Horner's syndrome is associated with impaired functioning of the sympathetic nerves responsible for the condition of the face and eyes. It is caused by any problems in the nerve tissue, which connects the peripheral nerves to the eyes and face, with the center - the hypothalamus. The sympathetic nerves themselves do not transmit a control signal from the center, but they maintain the tissues and organs “in working condition”, therefore, when the functioning of these nerves is impaired, the organs do not work normally. The degree of damage can be different.
When does Horner's syndrome occur?
Firstly, when an injury occurs to any of the arteries supplying the brain with oxygen. For example, the carotid artery.
Secondly, with damage to nerves in such an formation as the brachial plexus.
Thirdly, often Horner's syndrome manifests itself simultaneously with migraines.
Fourth, it happens as a consequence of a stroke or a tumor in the brain stem.
Fifth, sometimes the syndrome occurs simultaneously with a tumor in the apex of the lung.
Sixth, a disease is possible after a viral infection, as well as a result of an autoimmune process in which the body destroys its own cells.
Seventh, it is congenital, in which case it is combined with the lack of color of the iris of the child.

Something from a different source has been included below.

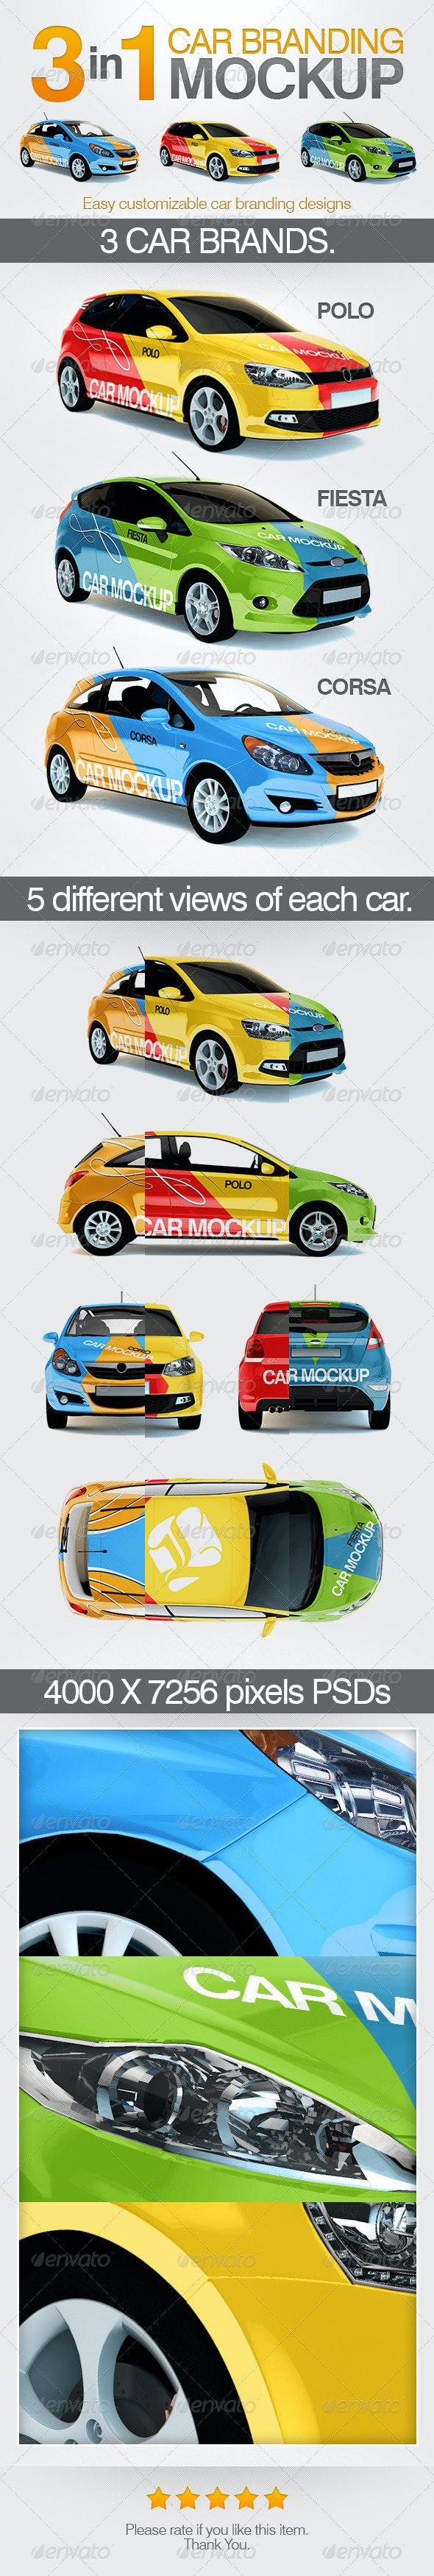 3in1 Car Branding Mock Up - Vehicle Wraps Print

Symptoms of the disease are as follows:
- Reduced sweating in the affected area of ​​the face, while local thermoregulation is disturbed;
- The eyelid falls and does not rise arbitrarily (this condition is also called ptosis);
- Violation of the position of the eyeball;
- Swelling of the lower eyelid;
- The pupil becomes small and narrowed.
Of course, from the pupil and eyelid, it can be assumed that the patient has Bernard-Horner syndrome. However, as a rule, a good doctor is not limited to stating a pair of symptoms. Indeed, damage to the sympathetic nervous system can be much wider than with the syndrome under consideration. Perhaps other areas on the body are affected, so in such cases a complete neurological examination is performed. A study of pupillary reactions is also carried out, while examining how the relative and absolute sizes of the pupil change when exposed to bright light and darkness. In Horner's syndrome, the pupil in the dark expands much more slowly than normal. And even substances that help dilate the pupil are unable to make the reactions right.
Blood tests, angiographic procedures are also performed (contrast medium allows you to see the state of the cerebral arteries), fluorography, as well as MRI scans of the brain, puncture of cerebrospinal fluid at the level of the lumbar vertebrae.

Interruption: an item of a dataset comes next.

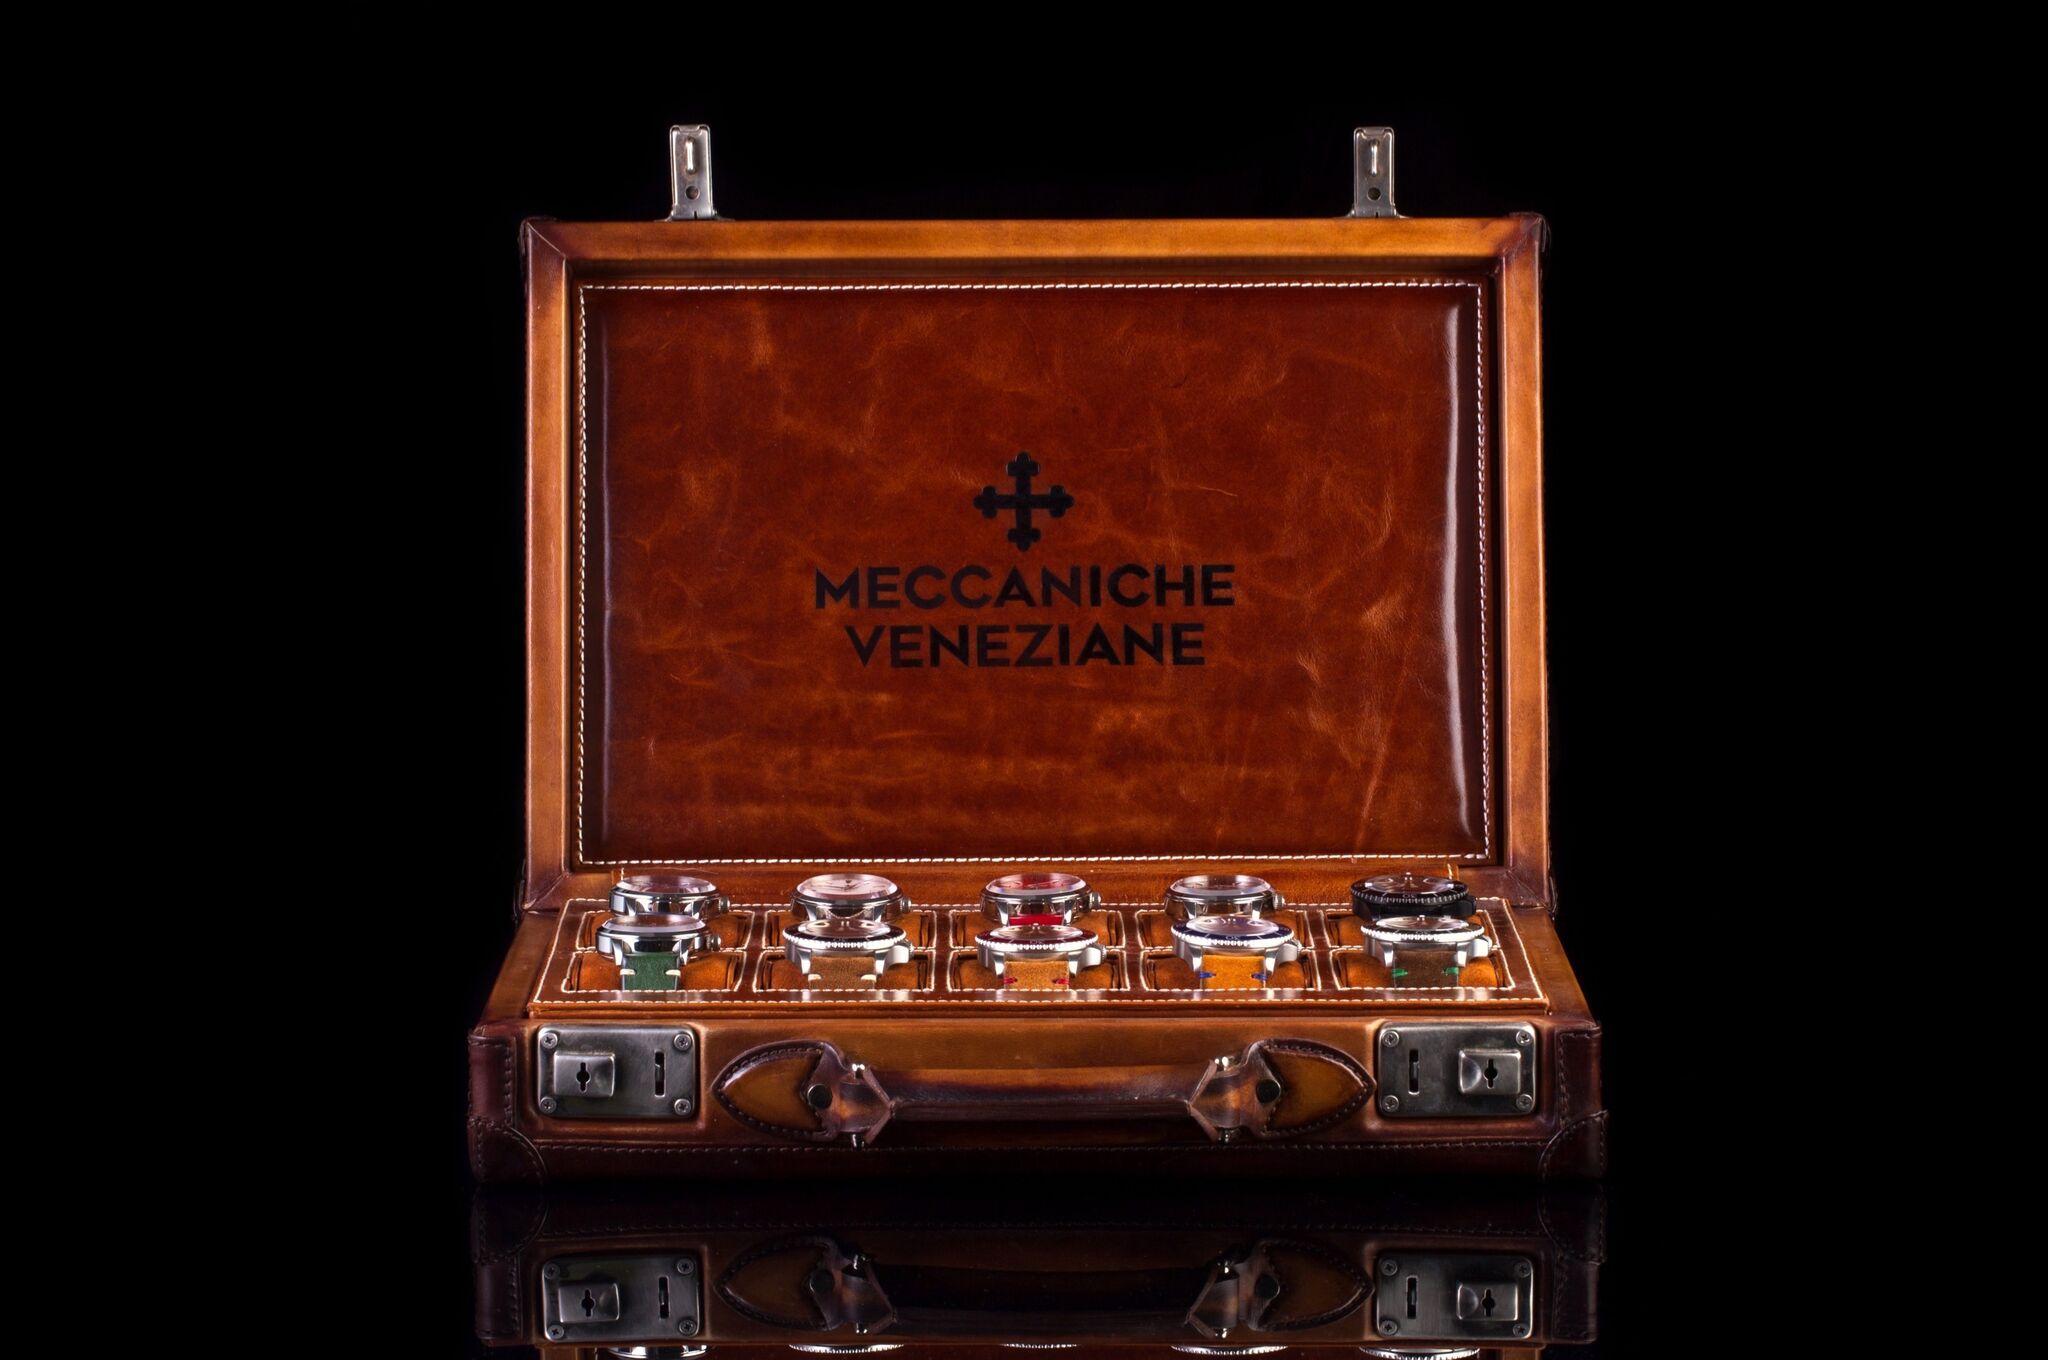 Meccaniche Veneziane

So, Horner's syndrome is established. Treatment may be different, because the choice of a particular method depends on the cause that triggered the disease, and they can be very different. The prognosis may be good, or not very, depending on whether the cause is correctly established in a particular case. Horner's syndrome itself has no complications, but a deterioration in health is possible due to the disease that triggered the syndrome.
Of course, not in all cases a complete cure is possible, if the nerve tissue was damaged by viruses, you can only take drugs that improve blood circulation in the brain, and hope for the best. If a tumor was detected, it must be removed as soon as possible. In case of malignant transformation, classical irradiation is also carried out.
It’s not Horner’s syndrome that is dangerous, but the disease that is behind it, so you should contact a qualified ophthalmologist at the first manifestations of these symptoms. It may be possible to cope with the disease at an early stage.